:: DATASET EXTRACT ::
Start of Block

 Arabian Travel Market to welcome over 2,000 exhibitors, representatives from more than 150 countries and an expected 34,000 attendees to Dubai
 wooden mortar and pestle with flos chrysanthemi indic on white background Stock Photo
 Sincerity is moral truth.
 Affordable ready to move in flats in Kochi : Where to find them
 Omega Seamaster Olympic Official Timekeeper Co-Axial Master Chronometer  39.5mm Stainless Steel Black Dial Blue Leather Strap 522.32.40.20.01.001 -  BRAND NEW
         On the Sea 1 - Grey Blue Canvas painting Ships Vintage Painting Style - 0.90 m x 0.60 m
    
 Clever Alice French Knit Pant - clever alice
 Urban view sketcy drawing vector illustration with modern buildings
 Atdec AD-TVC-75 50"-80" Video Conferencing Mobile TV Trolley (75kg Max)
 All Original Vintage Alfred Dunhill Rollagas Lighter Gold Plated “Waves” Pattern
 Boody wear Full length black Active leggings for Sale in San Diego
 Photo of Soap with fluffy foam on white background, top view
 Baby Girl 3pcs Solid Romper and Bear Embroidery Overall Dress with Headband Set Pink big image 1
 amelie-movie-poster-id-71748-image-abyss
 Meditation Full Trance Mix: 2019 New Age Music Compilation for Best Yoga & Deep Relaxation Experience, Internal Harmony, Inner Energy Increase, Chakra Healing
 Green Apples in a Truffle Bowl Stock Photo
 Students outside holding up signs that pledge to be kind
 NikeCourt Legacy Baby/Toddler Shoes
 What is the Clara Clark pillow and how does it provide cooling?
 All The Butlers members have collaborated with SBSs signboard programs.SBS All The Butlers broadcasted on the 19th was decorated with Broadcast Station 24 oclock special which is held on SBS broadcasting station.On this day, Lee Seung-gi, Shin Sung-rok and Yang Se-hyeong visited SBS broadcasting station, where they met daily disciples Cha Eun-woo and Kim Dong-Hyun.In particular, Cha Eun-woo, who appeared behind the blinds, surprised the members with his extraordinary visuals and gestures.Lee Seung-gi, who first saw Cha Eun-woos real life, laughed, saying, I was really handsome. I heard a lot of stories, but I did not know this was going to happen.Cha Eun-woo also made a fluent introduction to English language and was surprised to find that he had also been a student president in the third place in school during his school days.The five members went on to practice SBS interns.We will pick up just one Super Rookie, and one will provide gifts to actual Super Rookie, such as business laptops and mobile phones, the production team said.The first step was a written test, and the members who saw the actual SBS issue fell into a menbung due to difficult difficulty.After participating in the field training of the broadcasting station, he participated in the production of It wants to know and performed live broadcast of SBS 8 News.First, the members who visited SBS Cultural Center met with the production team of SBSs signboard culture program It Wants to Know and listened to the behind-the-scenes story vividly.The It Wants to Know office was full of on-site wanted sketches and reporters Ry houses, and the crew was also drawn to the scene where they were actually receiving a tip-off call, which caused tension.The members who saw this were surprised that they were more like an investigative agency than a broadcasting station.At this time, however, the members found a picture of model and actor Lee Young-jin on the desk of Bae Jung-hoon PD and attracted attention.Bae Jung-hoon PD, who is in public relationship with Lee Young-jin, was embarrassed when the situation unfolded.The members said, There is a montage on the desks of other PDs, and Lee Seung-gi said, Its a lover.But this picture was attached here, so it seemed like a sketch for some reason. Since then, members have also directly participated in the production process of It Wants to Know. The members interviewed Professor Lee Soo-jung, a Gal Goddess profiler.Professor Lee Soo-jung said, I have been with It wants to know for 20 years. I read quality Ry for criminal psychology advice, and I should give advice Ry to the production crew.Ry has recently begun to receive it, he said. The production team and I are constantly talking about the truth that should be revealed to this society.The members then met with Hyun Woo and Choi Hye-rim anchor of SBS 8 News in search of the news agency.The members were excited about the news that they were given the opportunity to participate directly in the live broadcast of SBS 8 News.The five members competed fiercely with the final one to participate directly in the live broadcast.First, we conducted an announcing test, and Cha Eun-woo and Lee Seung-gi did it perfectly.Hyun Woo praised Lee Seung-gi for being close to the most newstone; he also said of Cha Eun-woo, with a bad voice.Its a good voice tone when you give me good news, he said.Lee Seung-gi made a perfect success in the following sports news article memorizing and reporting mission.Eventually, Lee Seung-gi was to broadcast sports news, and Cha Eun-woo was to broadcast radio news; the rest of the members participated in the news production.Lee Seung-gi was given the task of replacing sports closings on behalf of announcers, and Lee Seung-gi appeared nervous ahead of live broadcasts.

End of Block

:: WHAT TO WORK ON ::
With no line skipped, copy the entries exactly as written.

:: WRITTEN ANSWER ::
 Arabian Travel Market to welcome over 2,000 exhibitors, representatives from more than 150 countries and an expected 34,000 attendees to Dubai
 wooden mortar and pestle with flos chrysanthemi indic on white background Stock Photo
 Sincerity is moral truth.
 Affordable ready to move in flats in Kochi : Where to find them
 Omega Seamaster Olympic Official Timekeeper Co-Axial Master Chronometer  39.5mm Stainless Steel Black Dial Blue Leather Strap 522.32.40.20.01.001 -  BRAND NEW
         On the Sea 1 - Grey Blue Canvas painting Ships Vintage Painting Style - 0.90 m x 0.60 m
    
 Clever Alice French Knit Pant - clever alice
 Urban view sketcy drawing vector illustration with modern buildings
 Atdec AD-TVC-75 50"-80" Video Conferencing Mobile TV Trolley (75kg Max)
 All Original Vintage Alfred Dunhill Rollagas Lighter Gold Plated “Waves” Pattern
 Boody wear Full length black Active leggings for Sale in San Diego
 Photo of Soap with fluffy foam on white background, top view
 Baby Girl 3pcs Solid Romper and Bear Embroidery Overall Dress with Headband Set Pink big image 1
 amelie-movie-poster-id-71748-image-abyss
 Meditation Full Trance Mix: 2019 New Age Music Compilation for Best Yoga & Deep Relaxation Experience, Internal Harmony, Inner Energy Increase, Chakra Healing
 Green Apples in a Truffle Bowl Stock Photo
 Students outside holding up signs that pledge to be kind
 NikeCourt Legacy Baby/Toddler Shoes
 What is the Clara Clark pillow and how does it provide cooling?
 All The Butlers members have collaborated with SBSs signboard programs.SBS All The Butlers broadcasted on the 19th was decorated with Broadcast Station 24 oclock special which is held on SBS broadcasting station.On this day, Lee Seung-gi, Shin Sung-rok and Yang Se-hyeong visited SBS broadcasting station, where they met daily disciples Cha Eun-woo and Kim Dong-Hyun.In particular, Cha Eun-woo, who appeared behind the blinds, surprised the members with his extraordinary visuals and gestures.Lee Seung-gi, who first saw Cha Eun-woos real life, laughed, saying, I was really handsome. I heard a lot of stories, but I did not know this was going to happen.Cha Eun-woo also made a fluent introduction to English language and was surprised to find that he had also been a student president in the third place in school during his school days.The five members went on to practice SBS interns.We will pick up just one Super Rookie, and one will provide gifts to actual Super Rookie, such as business laptops and mobile phones, the production team said.The first step was a written test, and the members who saw the actual SBS issue fell into a menbung due to difficult difficulty.After participating in the field training of the broadcasting station, he participated in the production of It wants to know and performed live broadcast of SBS 8 News.First, the members who visited SBS Cultural Center met with the production team of SBSs signboard culture program It Wants to Know and listened to the behind-the-scenes story vividly.The It Wants to Know office was full of on-site wanted sketches and reporters Ry houses, and the crew was also drawn to the scene where they were actually receiving a tip-off call, which caused tension.The members who saw this were surprised that they were more like an investigative agency than a broadcasting station.At this time, however, the members found a picture of model and actor Lee Young-jin on the desk of Bae Jung-hoon PD and attracted attention.Bae Jung-hoon PD, who is in public relationship with Lee Young-jin, was embarrassed when the situation unfolded.The members said, There is a montage on the desks of other PDs, and Lee Seung-gi said, Its a lover.But this picture was attached here, so it seemed like a sketch for some reason. Since then, members have also directly participated in the production process of It Wants to Know. The members interviewed Professor Lee Soo-jung, a Gal Goddess profiler.Professor Lee Soo-jung said, I have been with It wants to know for 20 years. I read quality Ry for criminal psychology advice, and I should give advice Ry to the production crew.Ry has recently begun to receive it, he said. The production team and I are constantly talking about the truth that should be revealed to this society.The members then met with Hyun Woo and Choi Hye-rim anchor of SBS 8 News in search of the news agency.The members were excited about the news that they were given the opportunity to participate directly in the live broadcast of SBS 8 News.The five members competed fiercely with the final one to participate directly in the live broadcast.First, we conducted an announcing test, and Cha Eun-woo and Lee Seung-gi did it perfectly.Hyun Woo praised Lee Seung-gi for being close to the most newstone; he also said of Cha Eun-woo, with a bad voice.Its a good voice tone when you give me good news, he said.Lee Seung-gi made a perfect success in the following sports news article memorizing and reporting mission.Eventually, Lee Seung-gi was to broadcast sports news, and Cha Eun-woo was to broadcast radio news; the rest of the members participated in the news production.Lee Seung-gi was given the task of replacing sports closings on behalf of announcers, and Lee Seung-gi appeared nervous ahead of live broadcasts.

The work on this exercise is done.